First, I’ll admit that that this analysis will omit several complicating considerations, most notably injuries. Chances are that several of the key players for the Warriors will get hurt this year, which will reduce their chances to win the games where those players are out. There are a number of other variables that cannot be accounted for, but as you’ll see the math is pretty overwhelming and is unlikely to be overcome by anything else.

Sports bettors are very interested in how likely a team is to win each game, and as a result there is quite a bit of analysis put into this idea. As a result we can say that in their toughest games the Warriors have about a 52% chance to win (on the road in Cleveland or San Antonio). In their easiest games (at home against the Lakers or the 76ers) the Warriors have about a 95% chance to win.

So what are the chances that the Warriors win the next 63 games?
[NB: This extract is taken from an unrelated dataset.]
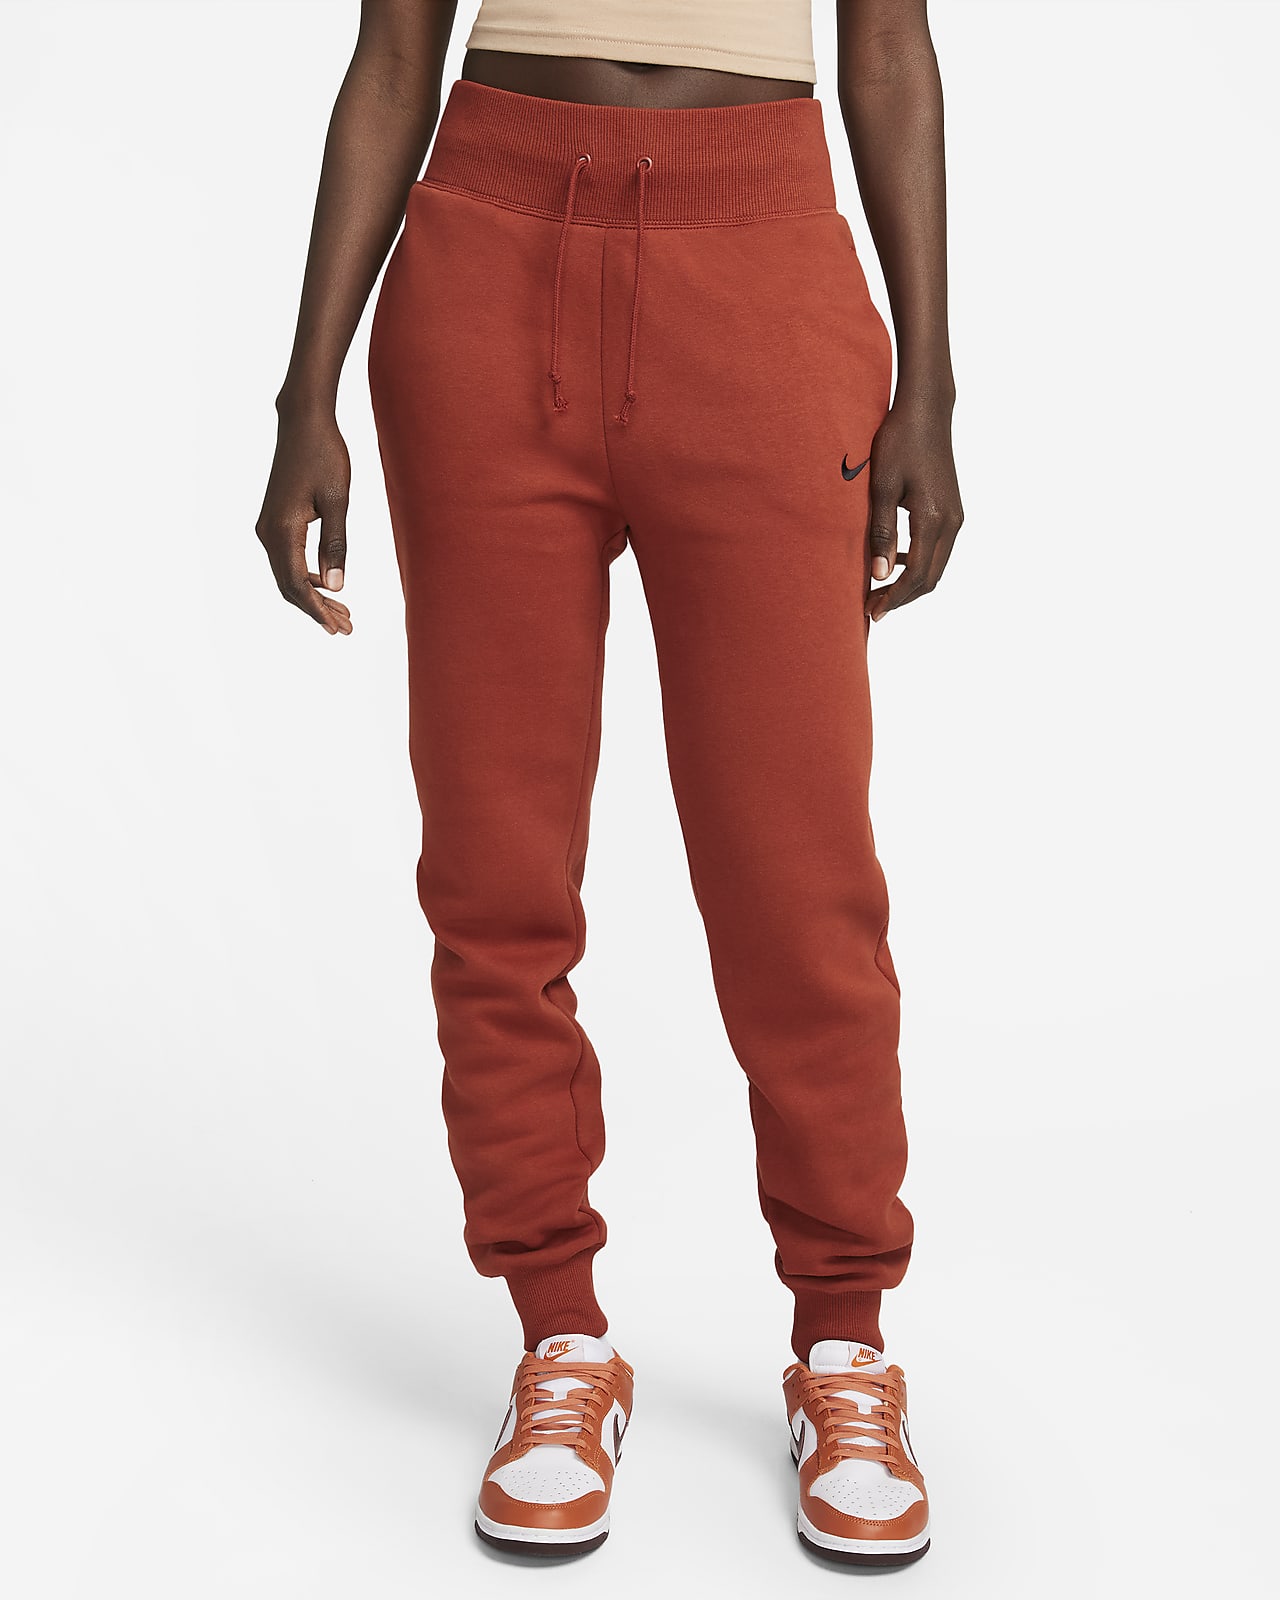 Nike Sportswear Phoenix Fleece Orange Jogger Sweatpants

Well, let’s establish the range. What if the Warriors were 52% favorites in all of their remaining games? We’d have 68 independent events all of which we’d need to happen. To calculate independent probabilities, multiply them out and the product is your total probability. So, in this case we get: 0.52*0.52*0.52*… 0.52 sixty-three times! In other words, we’d get 0.52^63 = 0.000000000000000001.28295271. So that’s the low end of our range. Not very optimistic is it?

Let’s look at the high end. Let’s assume that every opponent is just as bad as the Lakers or 76ers at home. We calculate that probability the same way, only this time it’s 0.95^68. This number should be a lot bigger, right? I mean, the Warriors are huge favorites in every single game. Right?

0.95^63= 0.0395

Right around a 4% chance. That seems downright possible! But, of course all the teams the Warriors will play aren’t that bad. So how do we best estimate the rest of their schedule? We could go game-by-gam0e and look at estimates for each one to develop a number, but instead let me give you a choice that will test your estimating skills. If you were the Warriors would you rather play 32 opponents that you had a 95% chance to beat and 31 you have a 52% chance to win or all your games in the middle where you have a 75% chance to win?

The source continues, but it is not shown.